Overview
The Writing Agent is a powerful autonomous content creation tool that combines web research, document analysis, and AI-powered writing. It can research topics, analyze writing styles from reference documents, and generate high-quality articles with proper citations.
Features
Autonomous Web Research : Automatically searches and gathers information from the web using Tavily API
Style Mimicry : Analyzes reference documents and replicates their writing style, tone, and structure
Citation Management : Properly attributes sources and generates references
Configurable Length : Control target word count for generated content
Multi-format Support : Processes PDFs, text files, and image documents as style references
Installation
The Writing Agent requires several API keys:
export ANTHROPIC_API_KEY = "your-anthropic-key"

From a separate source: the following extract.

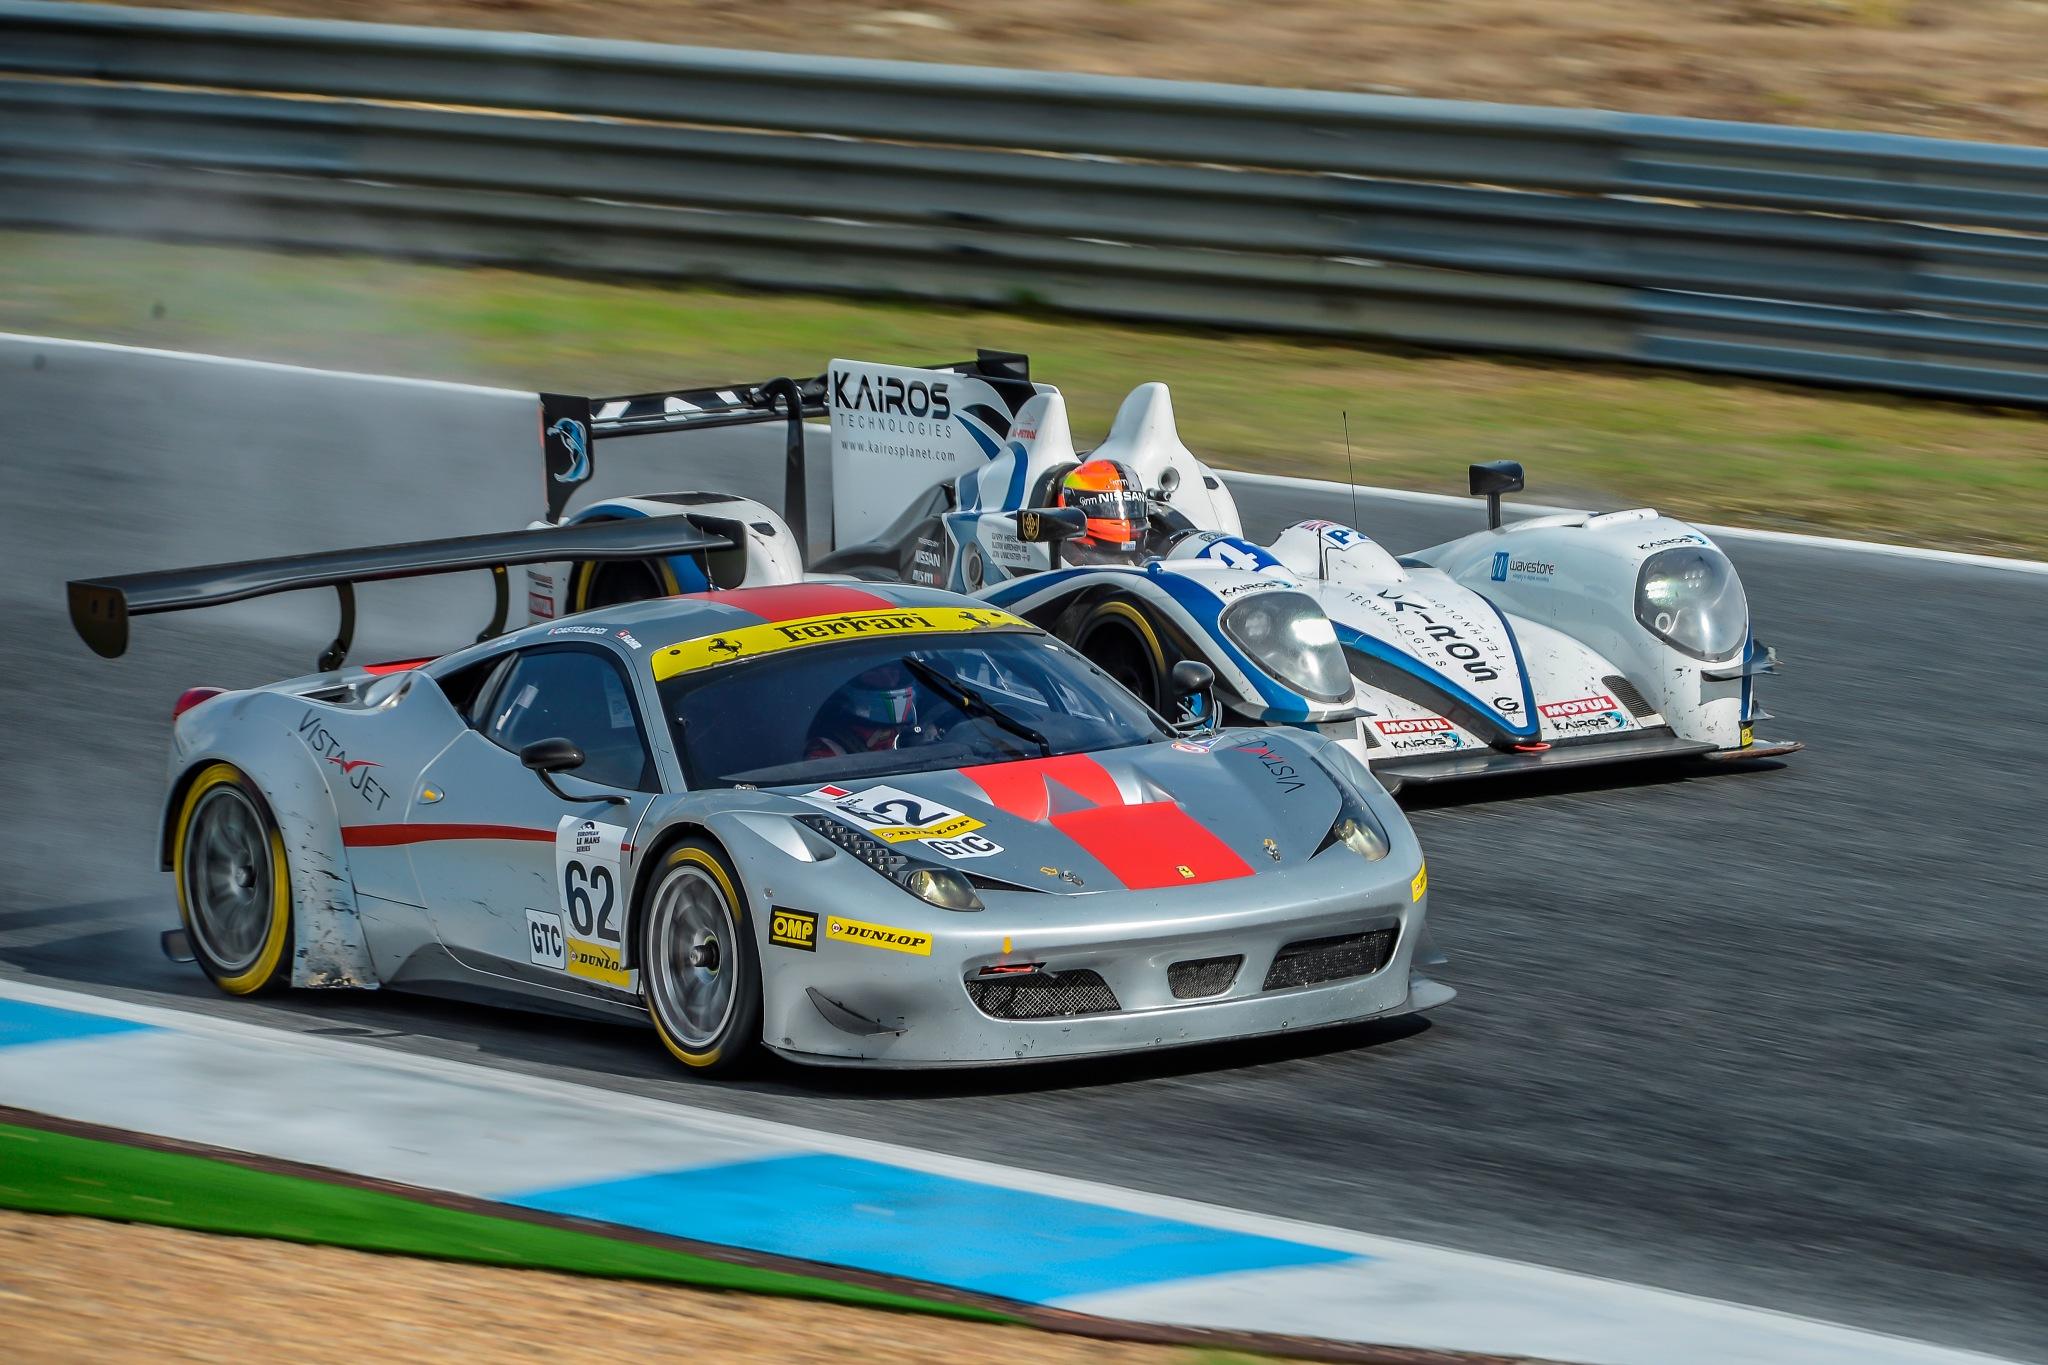 Le Mans Series - Estoril by FernandoLopes

export TAVILY_API_KEY = "your-tavily-key"
The Writing Agent uses Claude 3.5 Sonnet for content generation and Tavily for web search.
Basic Usage
from writing_agent import WritingTool
# Initialize the tool
writing_tool = WritingTool()
# Generate content
result = writing_tool._run(
query = "Write an article about quantum computing" ,
target_length = 1500 ,
output_file = "quantum_article.txt"
)
print (result)
With Reference Documents
# Create content with style mimicry
result = writing_tool._run(
query = "Write a technical blog post about machine learning" ,
reference_files = [
"examples/blog_post_1.pdf" ,
"examples/blog_post_2.txt"
],
target_length = 2000
)
Architecture
The Writing Agent consists of four main components:
1. WritingAgent Class
The main orchestrator that coordinates research and content generation:
writing_agent/writing_agent.py
class WritingAgent :
def __init__ ( self , api_key : Optional[ str ] = None ):
self .api_key = api_key or os.environ.get( "ANTHROPIC_API_KEY" )
self .searcher = WebSearcher()
self .document_sender = DocumentSender( api_key = self .api_key)

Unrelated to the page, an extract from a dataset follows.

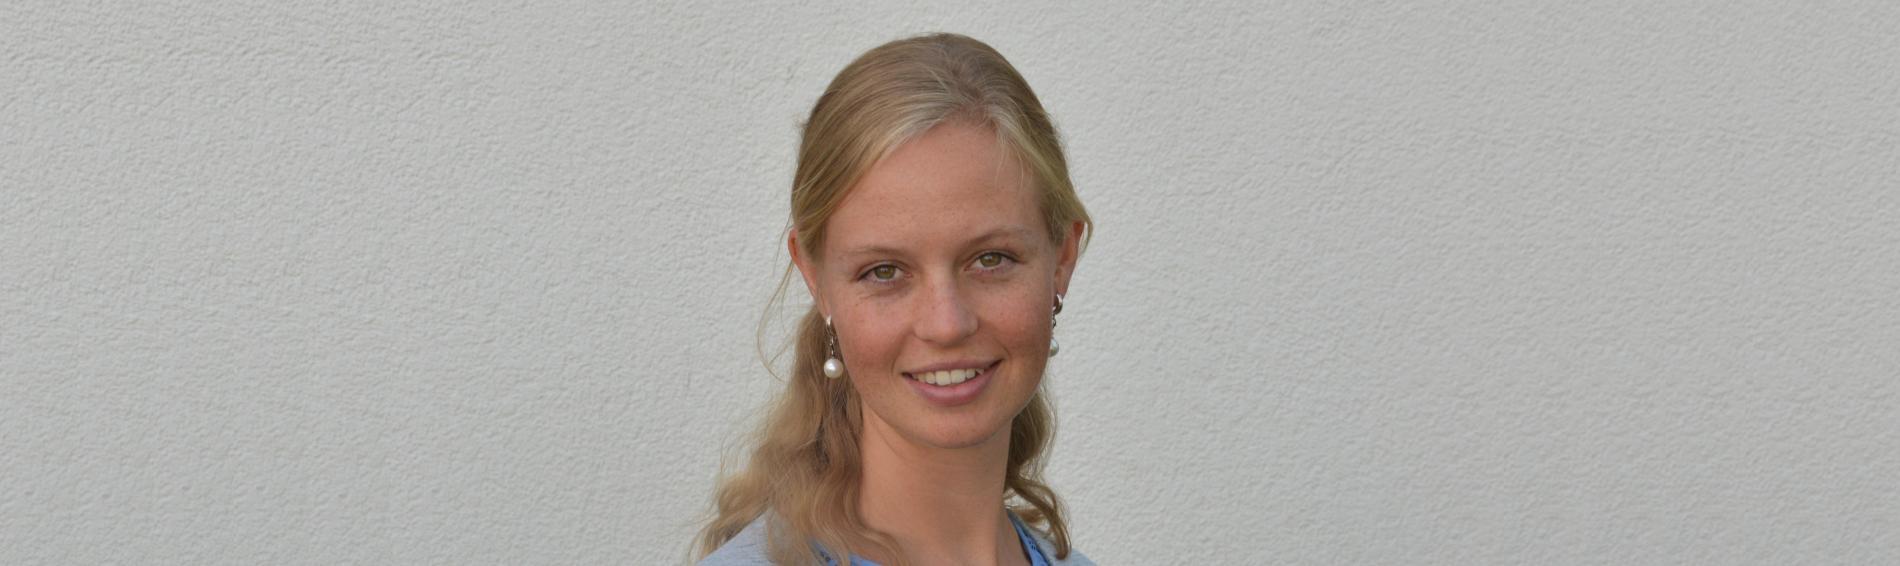 Sandra Schönberger. Foto: Ärzte der Welt

self .llm = ChatAnthropic(
model = "claude-3-5-sonnet-20240620" ,
temperature = 0.7 ,
anthropic_api_key = self .api_key
)
2. WebSearcher Class
Handles web research using the Tavily API:
writing_agent/web_searcher.py
class WebSearcher :
async def search ( self , query : str , num_results : int = 5 ) -> List[Dict[ str , Any]]:
"""Perform a web search and return structured results."""

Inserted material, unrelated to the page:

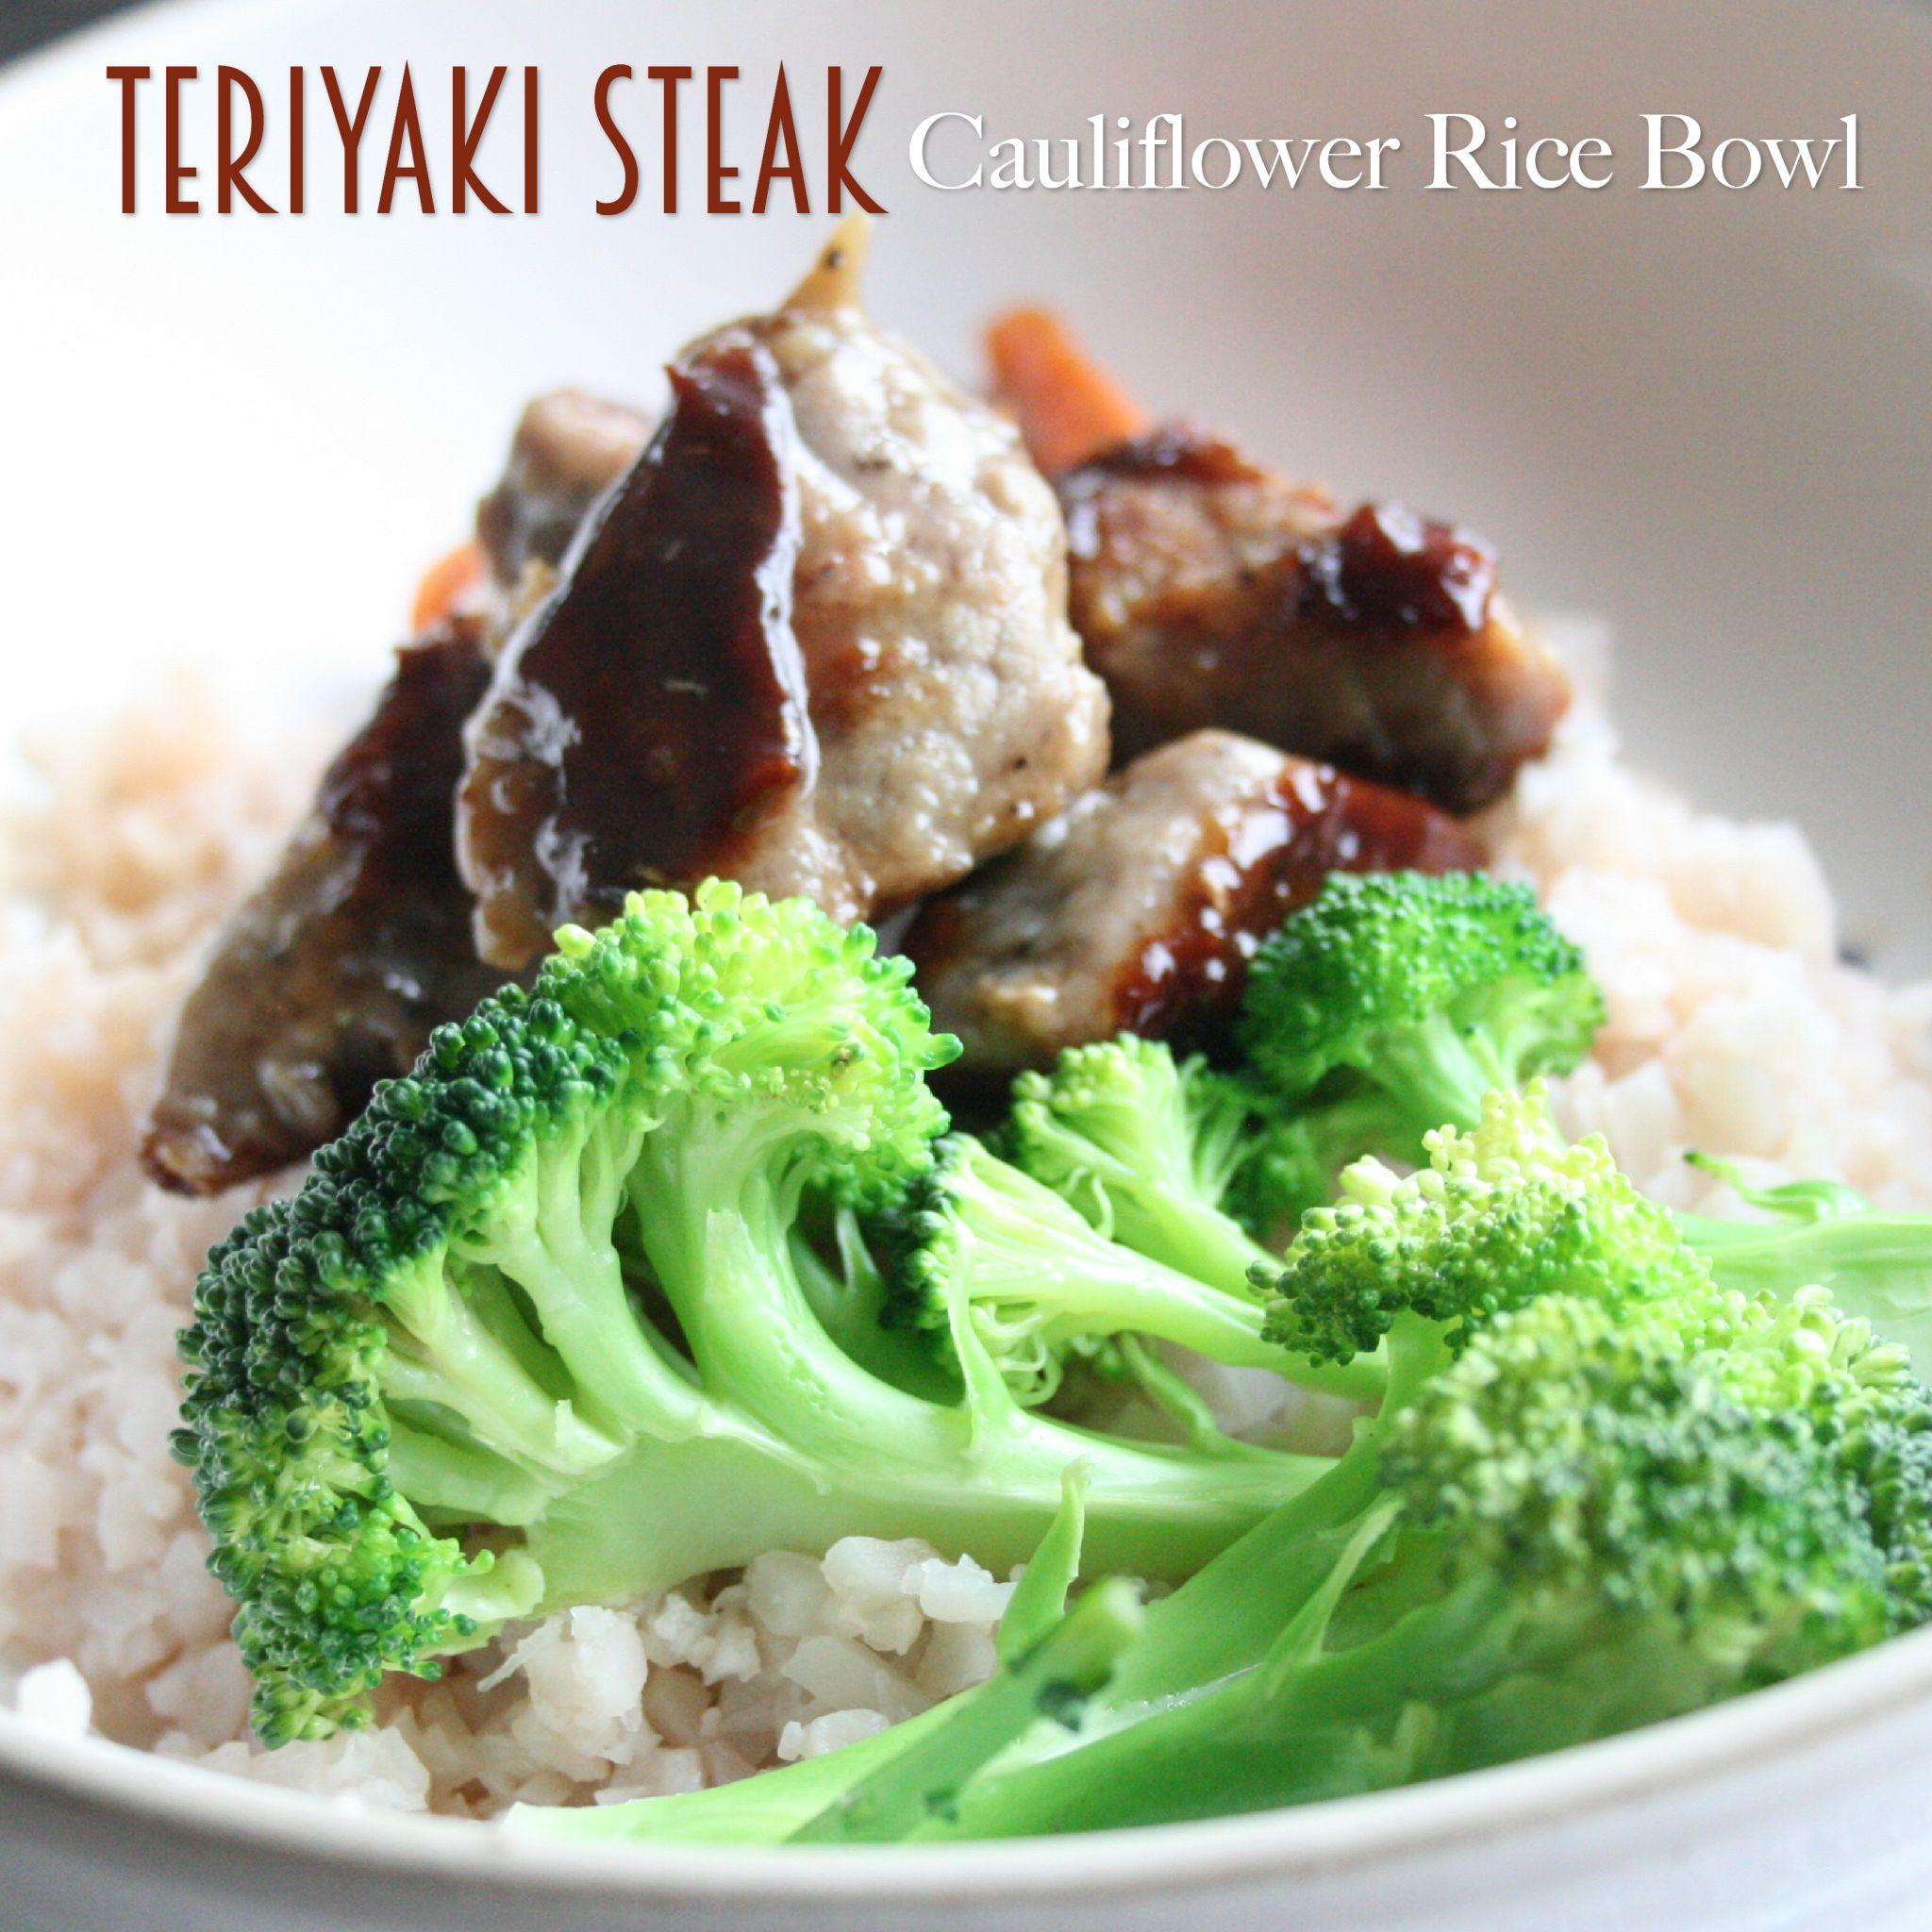 Teriyaki Steak Cauliflower Rice Bowl

async with aiohttp.ClientSession() as session:
async with session.post(
"https://api.tavily.com/search" ,
json = {
"query" : query,
"max_results" : num_results,
"api_key" : self .api_key
}
) as response:
data = await response.json()
return data.get( "results" , [])
3. DocumentSender Class
Processes reference documents and sends them to Claude for style analysis:
writing_agent/document_sender.py
class DocumentSender :
def extract_text_from_pdf ( self , pdf_path : str ) -> str :
"""Extract and normalize text from PDF files."""
text = ""
with open (pdf_path, 'rb' ) as file :
reader = pypdf.PdfReader( file )
for page in reader.pages:
page_text = page.extract_text()
text += ' ' .join(page_text.split())
return text
async def send_query_with_documents (
self ,
query : str ,
file_paths : List[ str ],
max_tokens : int = 4096
) -> Optional[ str ]:
"""Send query with reference documents for style mimicry."""
LangChain-compatible tool wrapper:
writing_agent/writing_tool.py
class WritingTool ( BaseTool ):
name: str = "writing_agent"
args_schema: type[BaseModel] = WritingInput
async def _arun (
self ,
query : str ,
reference_files : Optional[List[ str ]] = None ,
target_length : Optional[ int ] = 1500 ,
output_file : Optional[ str ] = None
) -> str :
agent = WritingAgent( api_key = self .api_key)
await agent.load_reference_materials(reference_files)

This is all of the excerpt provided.